Text and Multimodal Models
kimi-k2.6 is Kimi’s most intelligent model to date, supporting text, image, and video input, as well as thinking and non-thinking modes. It is suitable for conversation, code generation, visual understanding, and agent tasks. The input to a model is commonly called a “prompt”, and clear instructions plus representative examples are the most effective way to get stable outputs. Other models are also available — see the Model List for details.

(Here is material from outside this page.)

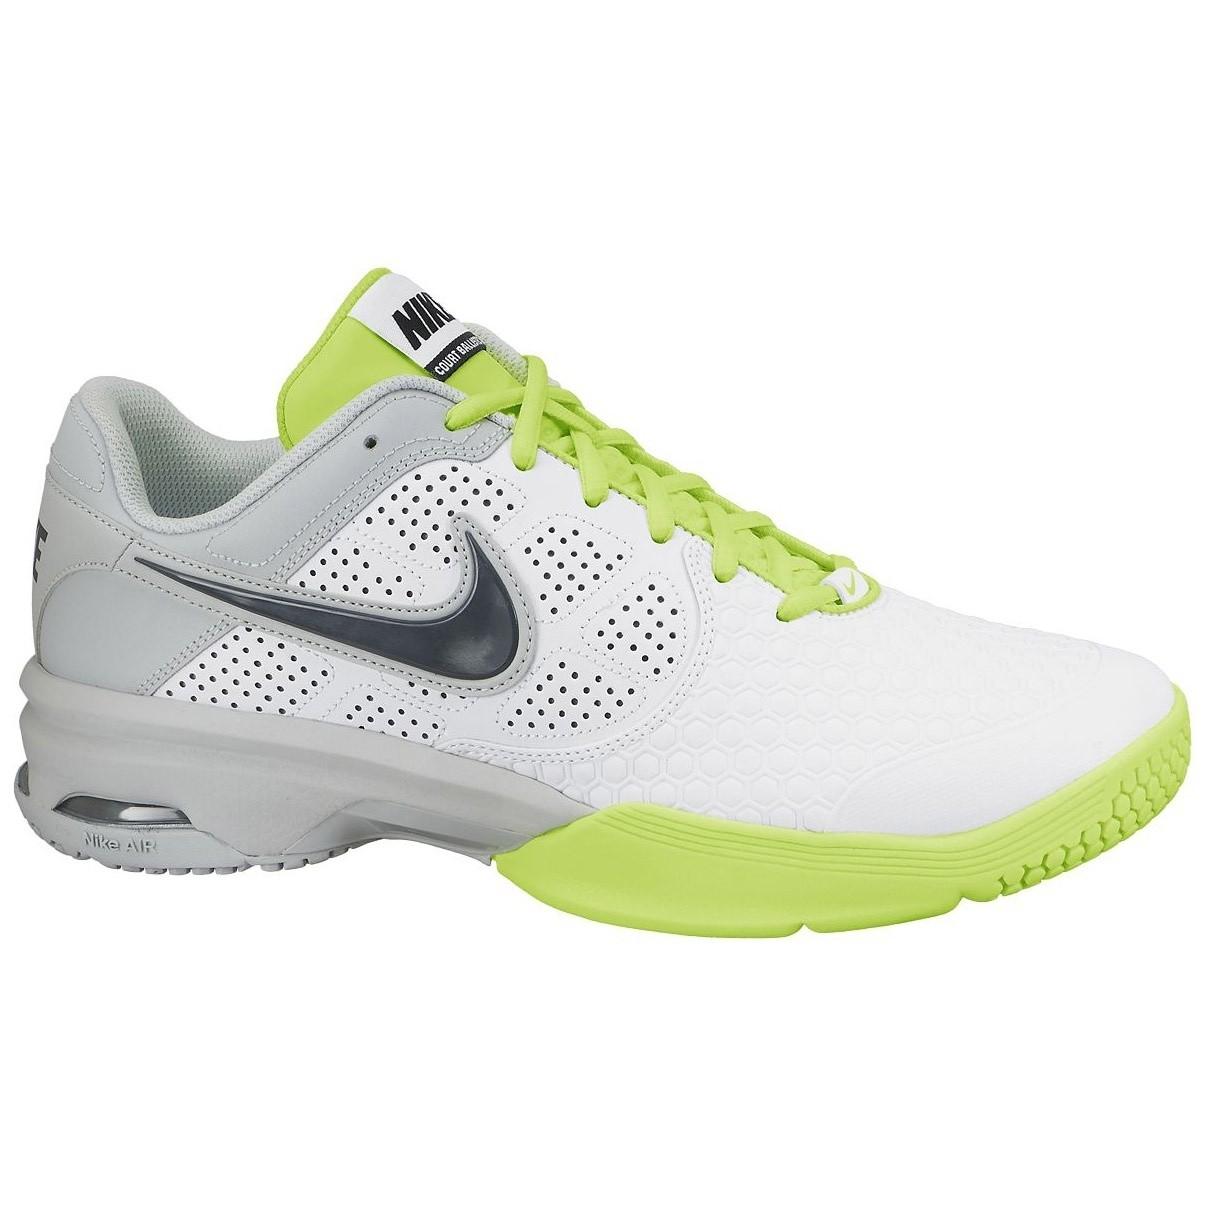 SNEAKERS di Nike Tg. de 40.5 NERO Uomo 488144a - duradrusti.org ff103b5d57b

Language Model Inference Service
The language model inference service is an API service based on the pretrained models developed and trained by us (Moonshot AI). Today, the platform primarily exposes a Chat Completions interface for conversation, code generation, visual understanding, and agent tasks. Models do not directly access external resources such as the internet or databases by default, but you can extend them with official tools or custom tool calls when needed.Token
Text generation models process text in units called Tokens. A Token represents a common sequence of characters. For example, a single English character like “antidisestablishmentarianism” might be broken down into a combination of several Tokens, while a short and common phrase like “word” might be represented by a single Token. Generally speaking, for a typical English text, 1 Token is roughly equivalent to 3-4 English characters. It is important to note that the total length of Input and Output cannot exceed the selected model’s maximum context length. For example,kimi-k2.6 supports context windows up to 256K. For other models’ context lengths, see the Model List.
Rate Limits
How do these rate limits work? Rate limits are measured in four ways: concurrency, RPM (requests per minute), TPM (tokens per minute), and TPD (tokens per day). The rate limit can be reached in any of these categories, depending on which one is hit first. For example, you might send 20 requests to ChatCompletions, each with only 100 Tokens, and you would hit the limit (if your RPM limit is 20), even if you haven’t reached 200k Tokens in those 20 requests (assuming your TPM limit is 200k). For the gateway, for convenience, we calculate rate limits based on the max_completion_tokens parameter in the request. This means that if your request includes the max_completion_tokens parameter, we will use this parameter to calculate the rate limit. If your request does not include the max_completion_tokens parameter, we will use the default max_completion_tokens parameter to calculate the rate limit. After you make a request, we will determine whether you have reached the rate limit based on the number of Tokens in your request plus the number of max_completion_tokens in your parameter, regardless of the actual number of Tokens generated. In the billing process, we calculate the cost based on the number of Tokens in your request plus the actual number of Tokens generated.Other Important Notes:
- Rate limits are enforced at the user level, not the key level.
- Currently, we share rate limits across all models.